The children, grumbling, disappeared, and Simon was at last able to enter the room and lay the corpse on the kitchen bench. The cloth in which it was wrapped fell to the side. When Anna Maria saw the boy, she uttered a cry.

“My God, that’s Grimmer’s boy! What in the world has happened?”

Simon took a seat next to the bench and told her the story. Meanwhile Anna Maria poured him some wine mixed with water from an earthenware jug, which he drank in great gulps.

“And so you need my husband now to tell you what happened?” Anna Maria asked, when he had finished.

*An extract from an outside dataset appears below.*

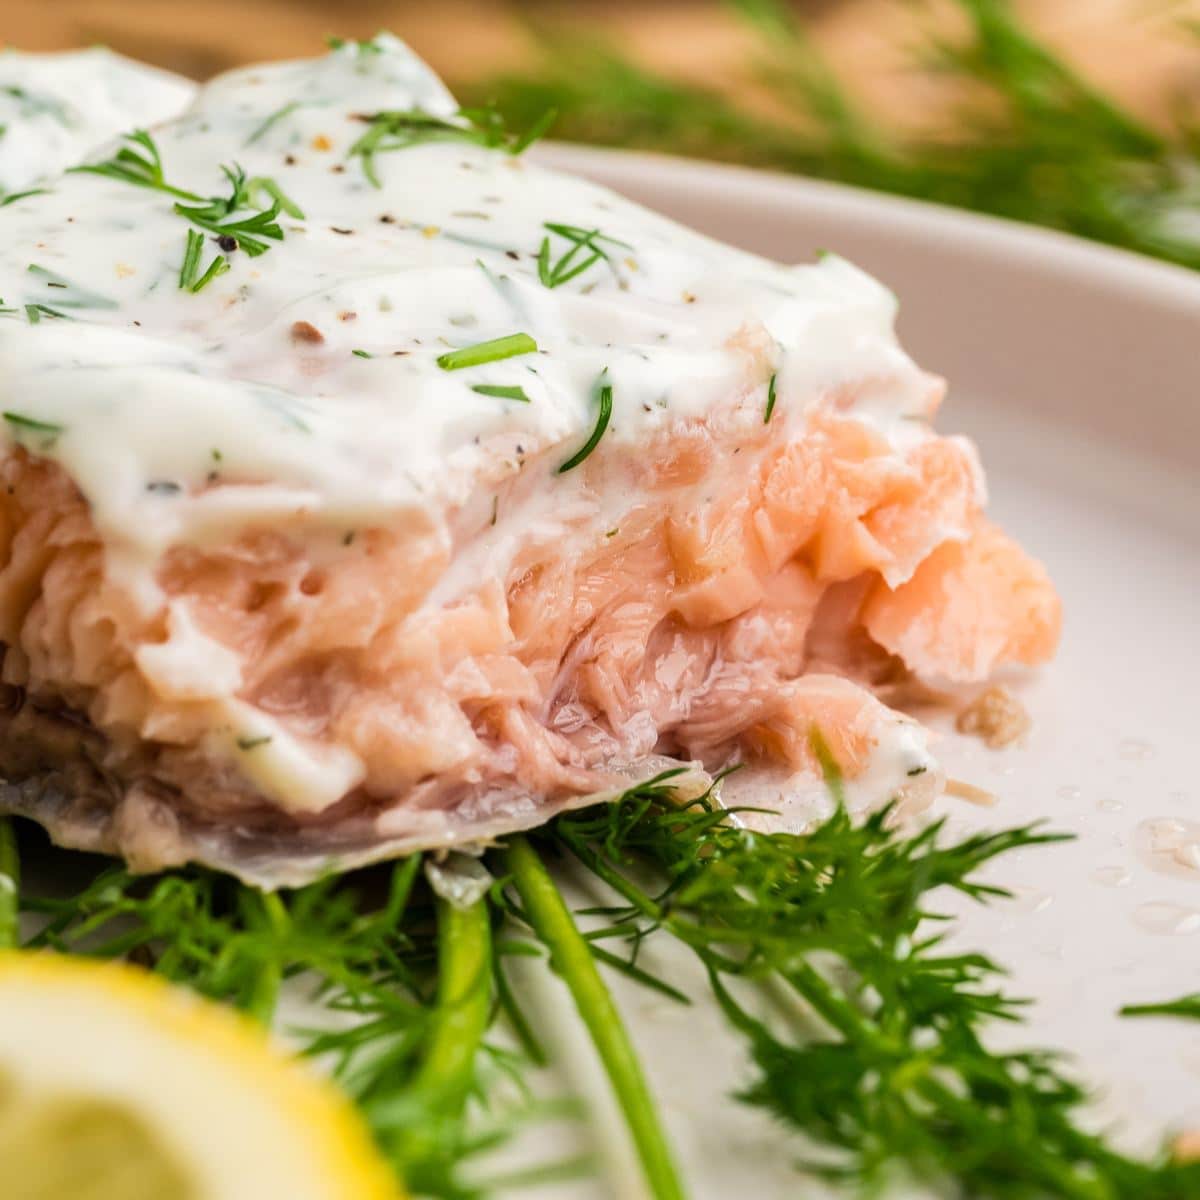 Sous vide salmon with dill sauce on plate.

Shaking her head, she kept on glancing at the boy’s body.

Simon wiped his lips. “Exactly. Where is he?”

Maria shrugged her shoulders. “I can’t tell you. He went up to the town to the blacksmith’s to get some nails. We need a new closet, you know. Ours is full to the bursting point.”

She glanced once more at the bloody bundle on the kitchen bench. As the wife of the hangman she was more than accustomed to the sight of corpses, but the death of a child always moved her. She shook her head. “The poor lad…”

Then she seemed to come to herself again. Life went on. Outside the twins romped about noisily, and little Barbara screeched at the top of her lungs. “It would be best if you wait for him here,” she said, getting up from the bench. “You can read a bit while you’re waiting.”

The hangman’s wife smiled. She knew that Simon often came just to leaf through her husband’s dog-eared old books. Sometimes the physician made up some rather feeble excuse for going down to the hangman’s house to look up something.

Anna Maria gave the dead boy one more compassionate glance. Then she took a woolen blanket from the closet and laid it carefully over the corpse, so that there was nothing more to see in case the twins came in suddenly. Finally she went to the door. “I must see what the children are doing outside. Help yourself to the wine, if you like.”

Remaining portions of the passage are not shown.